Clever by a Half
Instead of presenting Das Rheingold in one long, continuous take, as Wagner originally intended, North Carolina Opera inserted a composer-sanctioned intermission at the spot where Loge, the god of fire and stealth, leads Wotan through a crevice and down into Nibelheim, the land of the dwarfs.
The moment is marked in the score with the pounding of twelve “anvils,” tuned, of course, to a variety of musical notes. The noise these specially constructed instruments make fade in and fade out, as if our protagonists had simply passed by and waved “hello” on their way to Alberich’s lair.
If continuity be damned, we can consider ourselves fortunate that this brief interruption did little to prevent the drama from unfolding and attaining its stated purpose. With this semi-staged version of Das Rheingold, North Carolina Opera, or NCO for short, has joined the exalted ranks of opera companies that can boast of a high-quality introduction to Wagner’s Ring. I was privileged to catch their Sunday matinee performance of September 18, given in the acoustically sound Meymandi Concert Hall in downtown Raleigh.
The production was directed by James Marvel, with sponsorship by C. Thomas Kunz, NCO’s Board Chairman. The projections designer was S. Katy Tucker (who also worked on Francesca Zambello’s Ring production at Washington National Opera) , with lighting designs by Jax Messenger, costumes by Denise Schumaker, and wig and makeup designs by Sondra Nottingham. The stage manager was Linda T. Carlson, with English captions the work of Jonathan Dean (courtesy of Seattle Opera, © 2011). Incidentally, those pounding anvils — only eight of them were utilized for this production — were underwritten by the LORD Corporation.
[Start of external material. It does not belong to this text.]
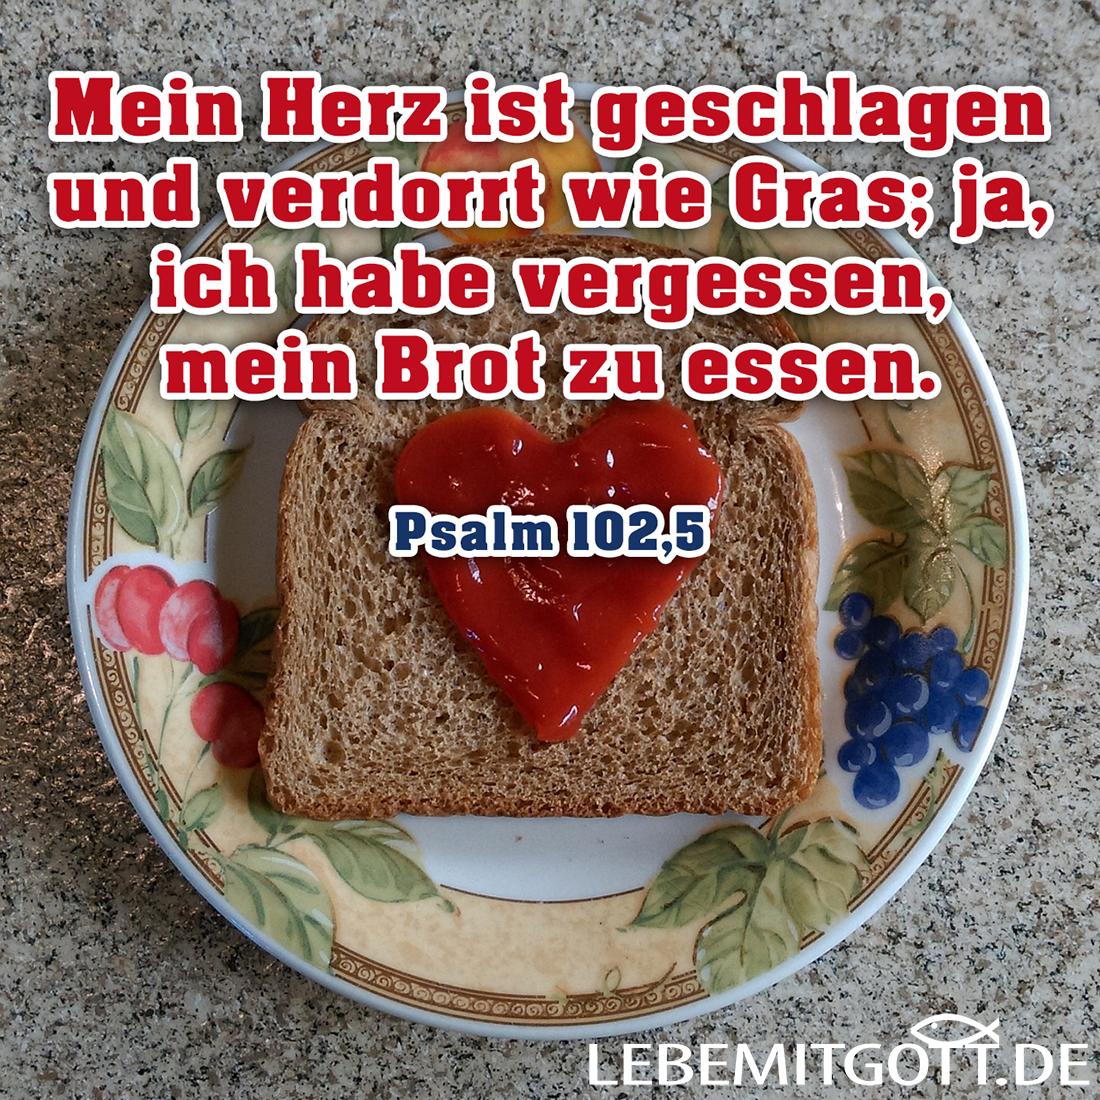 Brot zu essen
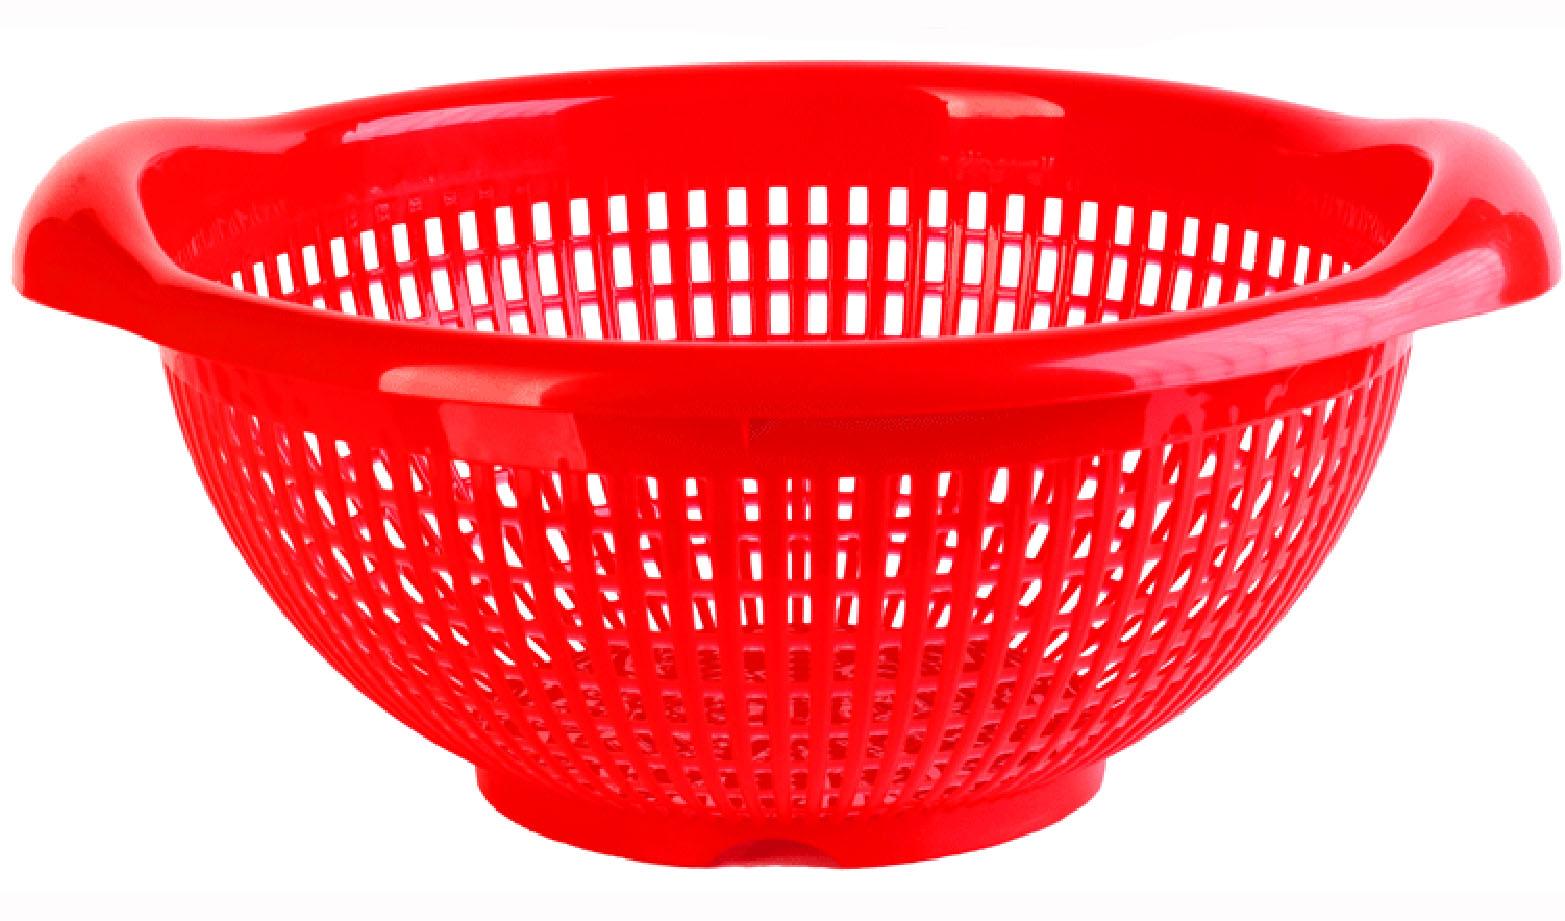 Дуршлаг Idea, цвет: красный, диаметр 25 смМ 1131Дуршлаг Idea, изготовленный из пищевогополипропилена, станет полезным приобретениемдля вашей кухни. Он идеально подходит дляпроцеживания, ополаскивания овощей и фруктов и стекания жидкости. Дуршлаг оснащен устойчивымоснованием и удобными ручками по бокам.Дуршлаг Idea станет незаменимым атрибутомна кухне каждой хозяйки. Диаметр дуршлага (по верхнему краю): 25 см.Внутренний диаметр: 23 см.Размер дуршлага (с учетом ручек): 27 см х 25 см.Высота стенок: 12 см.

The eighty-person strong North Carolina Opera Orchestra (including two harpists and four trained Wagner tuba players) was planted onstage, with a movie screen hovering in front of and above the playing platform. This was done in order to provide a showcase for the ever-changing palette of hi-tech projections, done in the digital realm. These projections were timed to follow the action; they were curtailed somewhat by the limited performing space, yet perfectly in sync with Wagner’s musical requirements. Such was the idea. The execution, for the most part, reflected the ambitions of both NCO’s General Director Eric Mitchko and Artistic and Music Director Timothy Myers.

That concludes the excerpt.